Владиславу Петровичу Крапивину посвящается

"У меня есть слово, но в нем нет букв,
У меня есть лес, но нет топоров,
У меня есть время, но нет сил ждать,
И есть еще ночь, но в ней нет снов... "
В.Цой

Им было лет по 15, а может, по 20, а может вообще по 25, но факт тот, что они собрались как-то вместе. Это не в первый раз случилось, они собирались раньше, и не раз, и в разных местах, и по разным поводам, за столом, с напитками или без  —это было почти все равно, и вот сейчас собрались тоже. Наверно, в плотной череде школьных занятий выпало «окно», или отменили лекцию, или босс не пришел сегодня на работу, но эти трое так или иначе оказались свободны. Свобода эта была временная, через пару часов им всем нужно было куда-то идти, вместе или нет  — черт его знает, но идти явно не хотелось, а время проходит не совсем впустую, если треплешься, а особенно с теми, кого ты можешь назвать своими друзьями. Розовых слюней о «вечной дружбе» эти трое не распускали, и само это слово старались не произносить, словно боялись, что от слишком пристального взгляда что-то испарится. Но они были не дураки, и даже больше— очень умные ребята, а кое-кто из них даже считал себя втихомолку гением, но не особенно распространялся об этом, и не потому, что боялся насмешек, а просто из-за того, что справедливо полагал, что сначала неплохо было бы проявить себя.
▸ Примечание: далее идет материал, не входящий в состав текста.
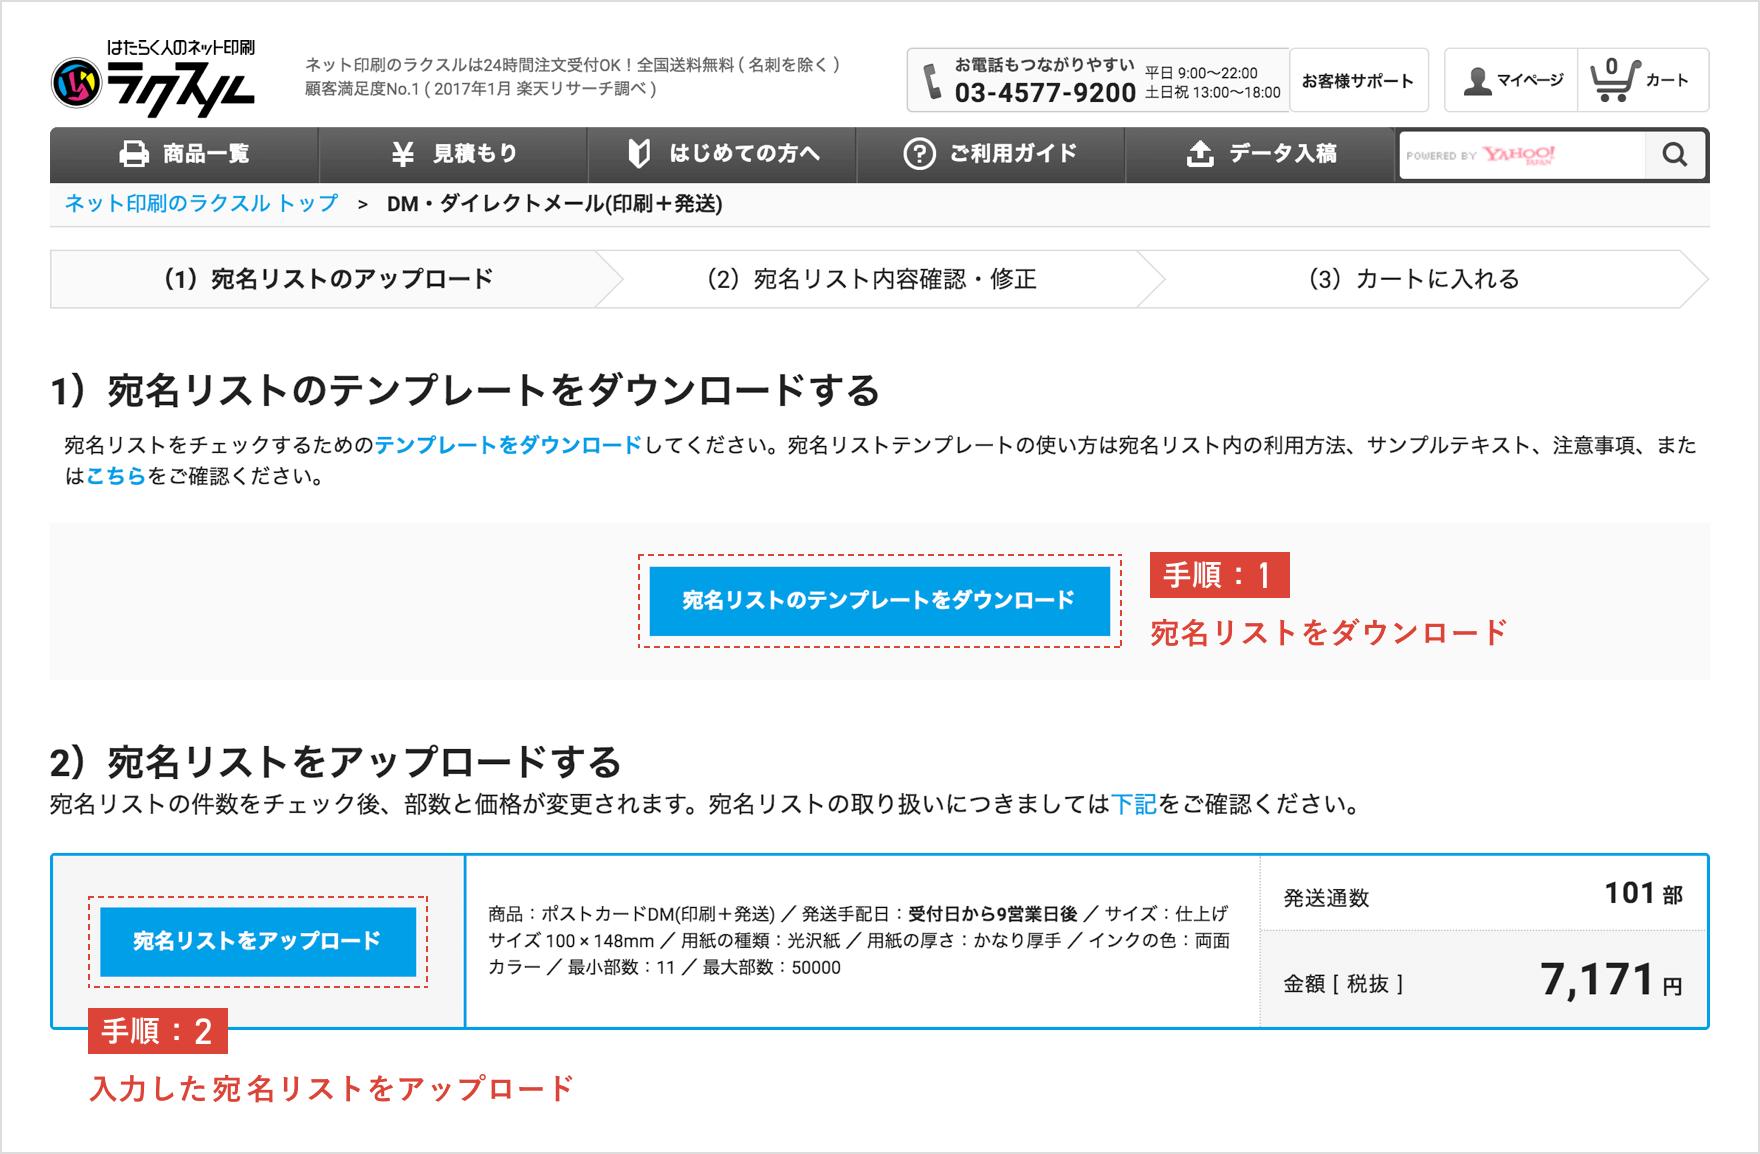 【STEP3】商品を購入して、宛名リストをアップロードしよう

Как и всяких людей, у них конечно же были имена, но их имена не скажут нам ничего, потому что мир наводнен Максимами, Игорями и Денисами, а их условно можно было бы обозвать Писателем, Романтиком и Циником. Романтик не ждал алых парусов, разве что чуть-чуть, Писатель пока написал не слишком много, а Циник считал себя человеком жестким, но не жестоким. Впрочем, хотя эти прозвища и условны, но общей направленно сти характеров соответствуют.

— Чего-то ты сегодня какой-то кислый,  — заметил Циник Романтику,  — опять дома неприятности?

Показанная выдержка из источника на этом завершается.